Input records:
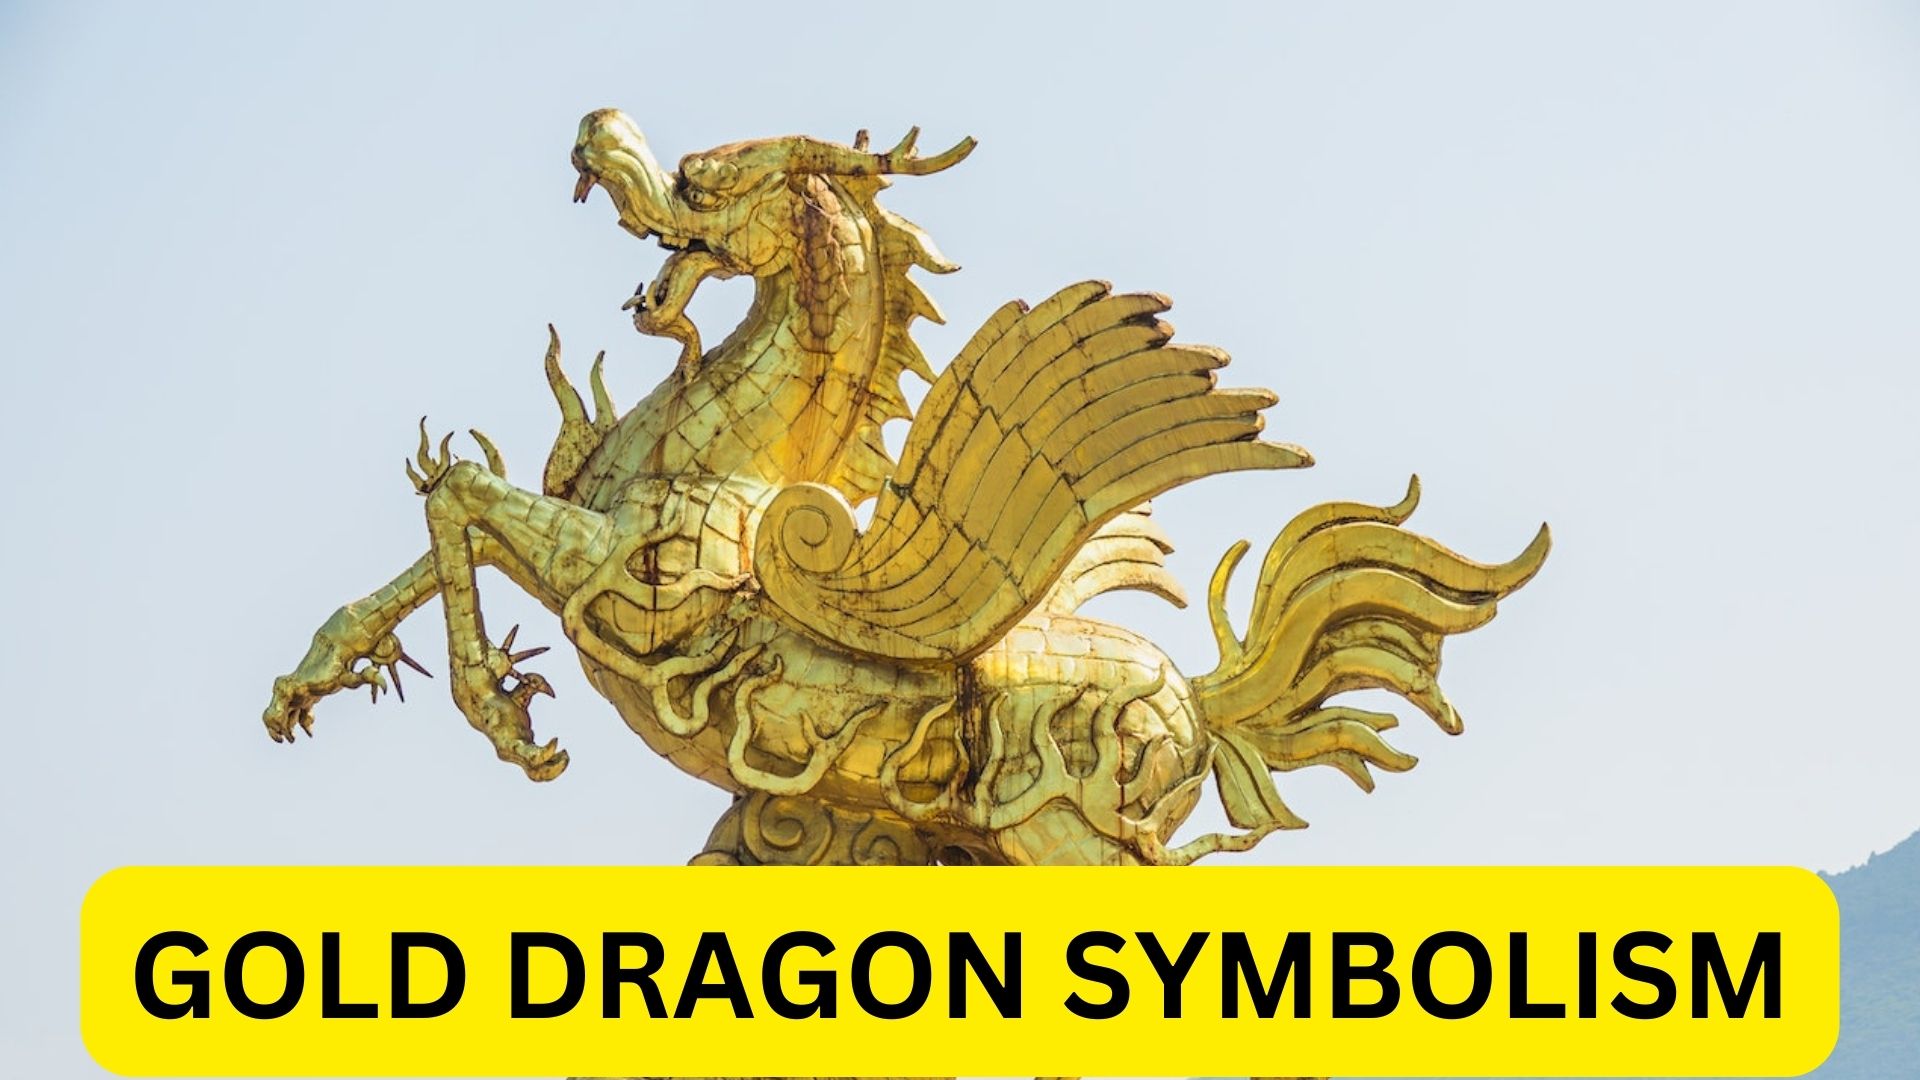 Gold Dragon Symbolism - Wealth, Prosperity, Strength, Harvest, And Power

==

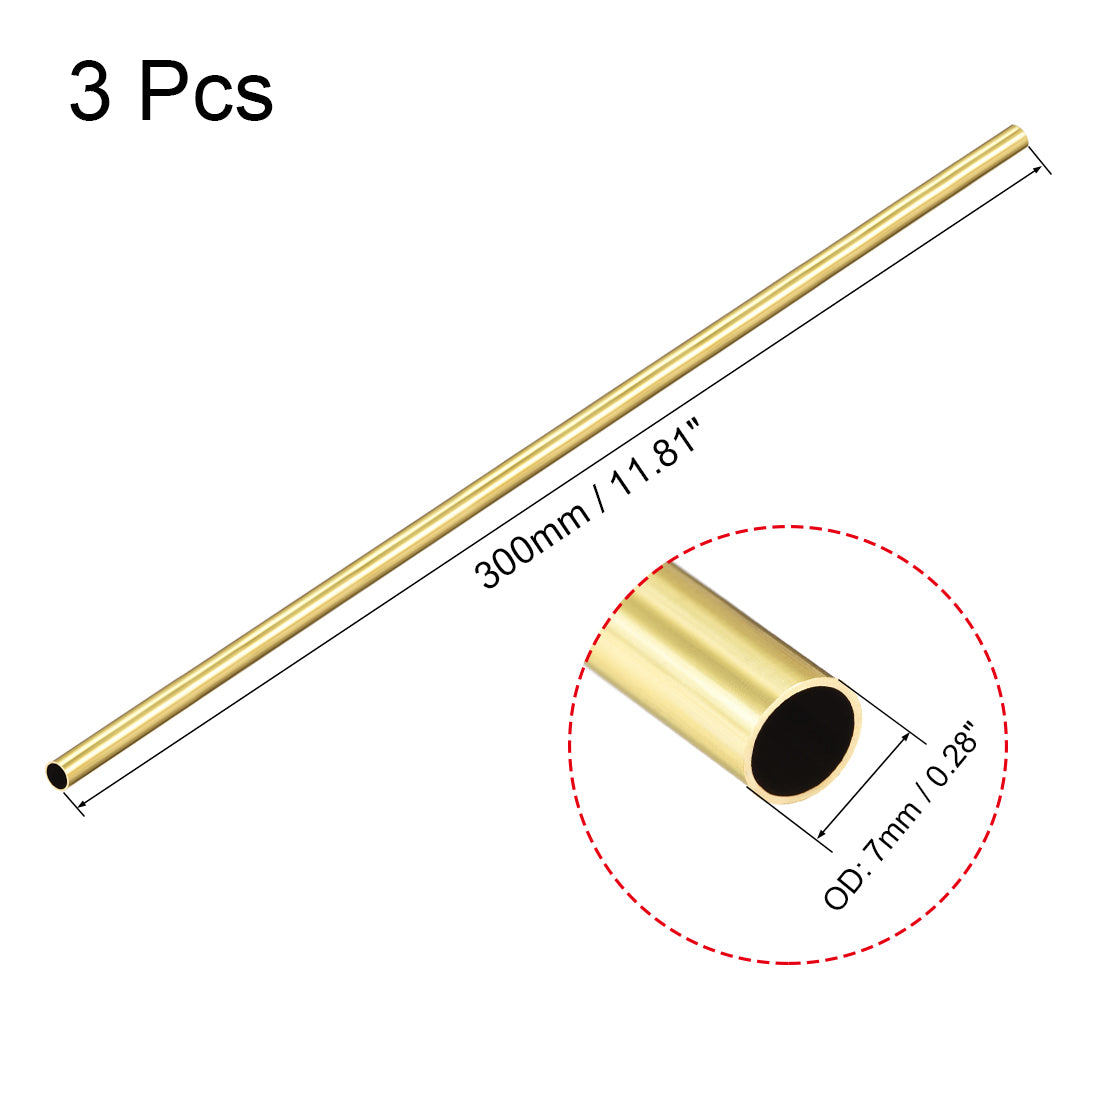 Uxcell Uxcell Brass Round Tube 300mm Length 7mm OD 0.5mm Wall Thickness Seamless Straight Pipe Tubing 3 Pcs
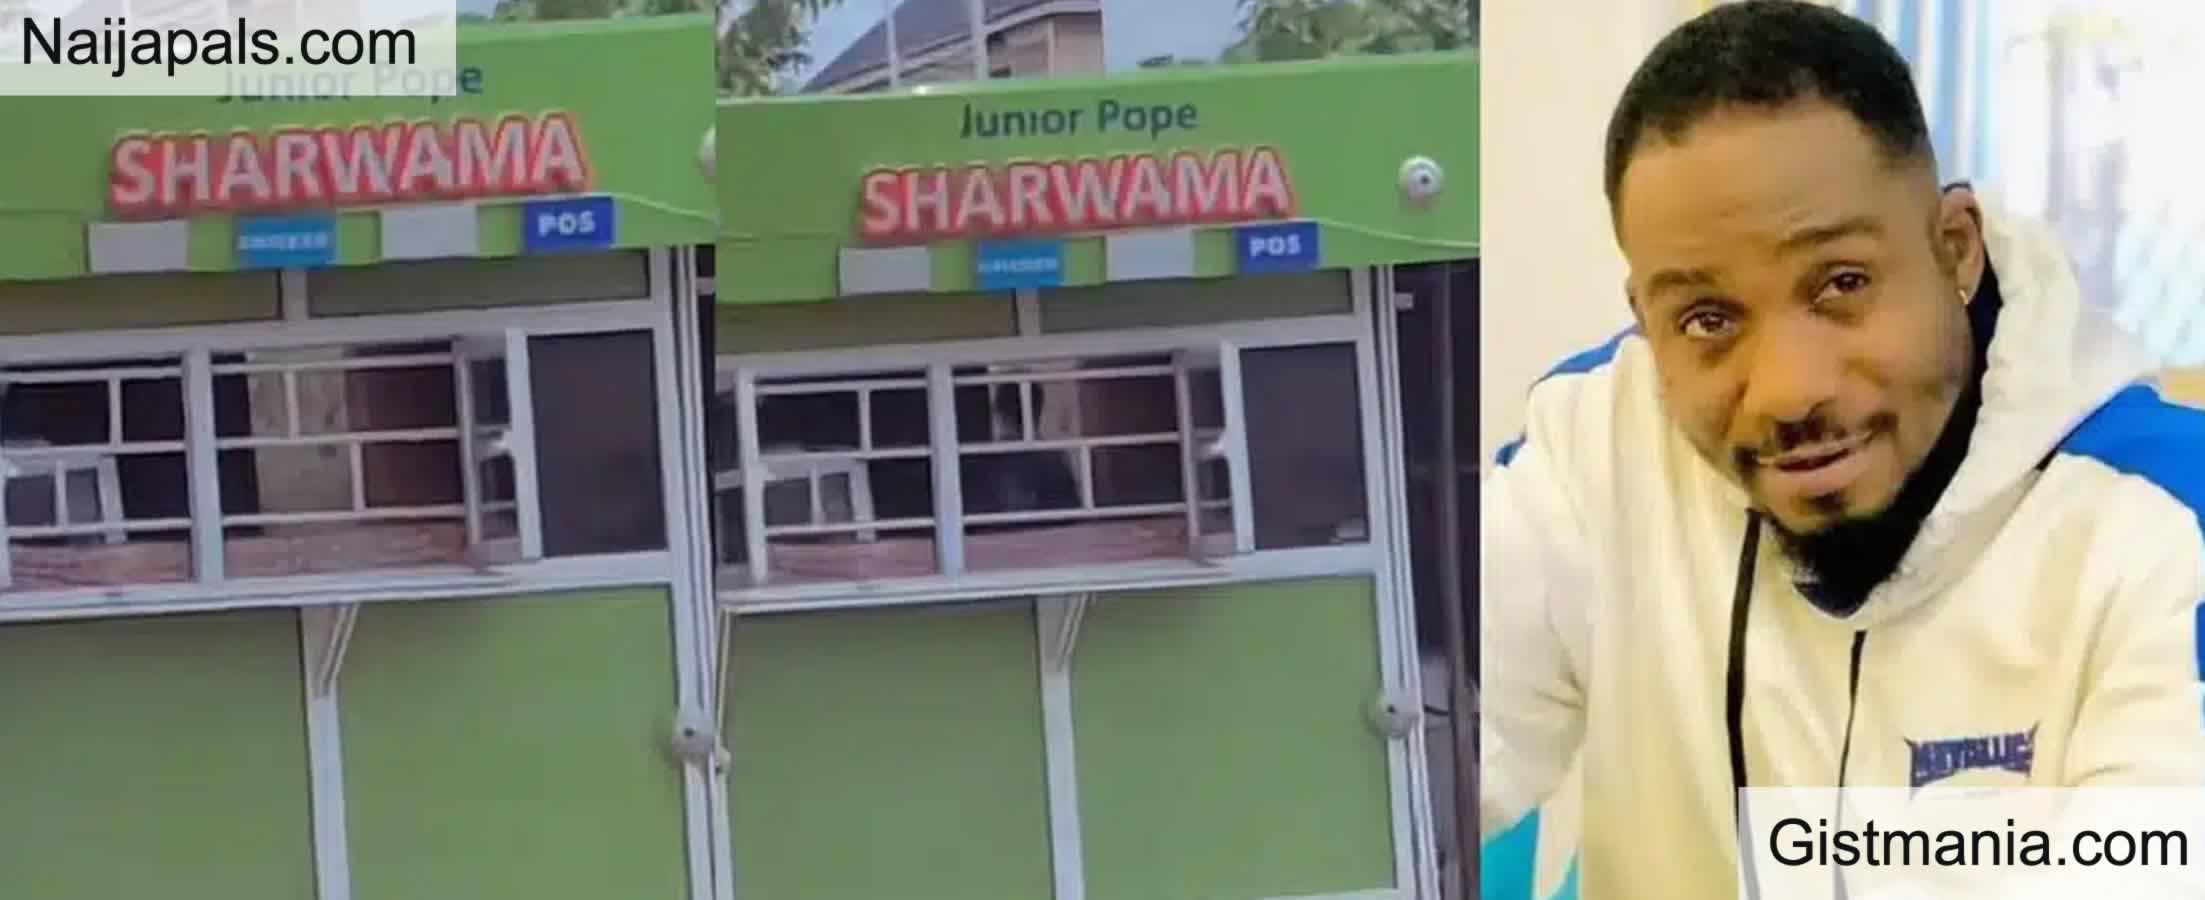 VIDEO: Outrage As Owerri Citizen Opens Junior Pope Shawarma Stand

==

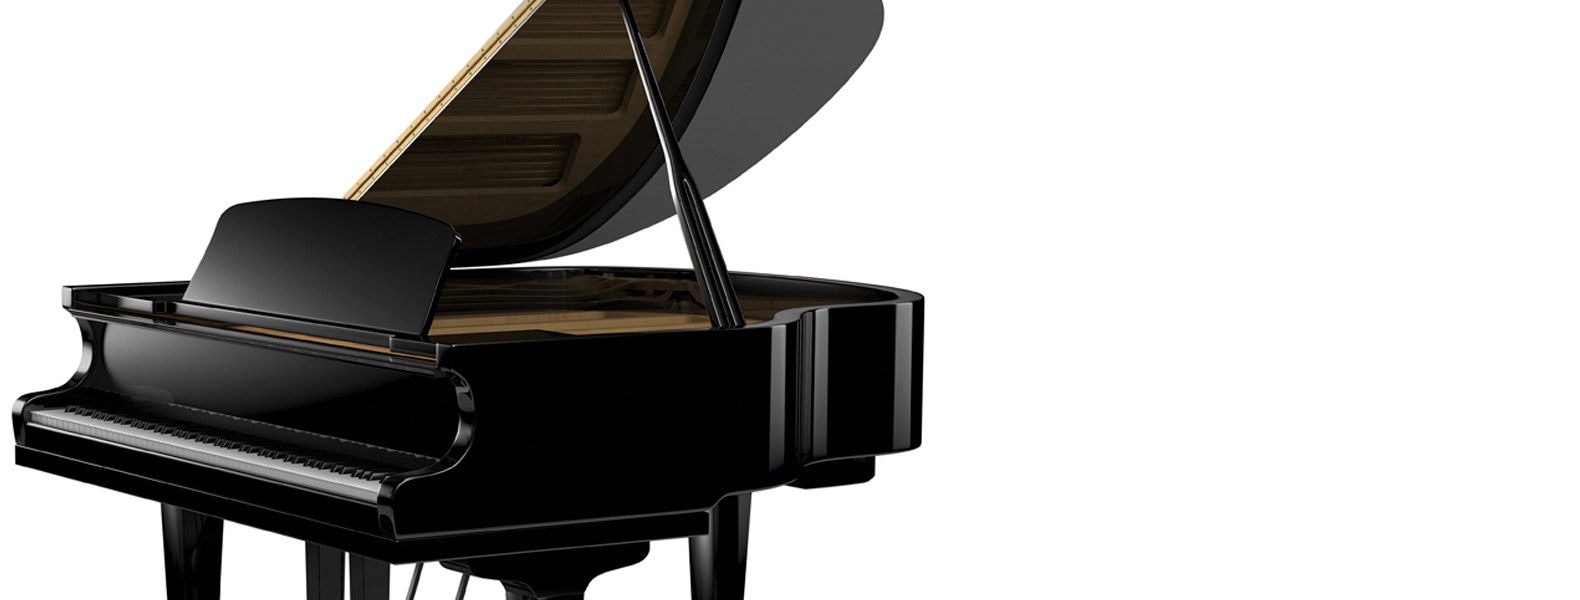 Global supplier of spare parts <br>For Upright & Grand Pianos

Problem description: Print everything from the line with "Uxcell Uxcell Brass" down to the line with "VIDEO: Outrage As" in the entries above, both lines included and nothing more, without the pictures.

Exercise output:
 Uxcell Uxcell Brass Round Tube 300mm Length 7mm OD 0.5mm Wall Thickness Seamless Straight Pipe Tubing 3 Pcs
 VIDEO: Outrage As Owerri Citizen Opens Junior Pope Shawarma Stand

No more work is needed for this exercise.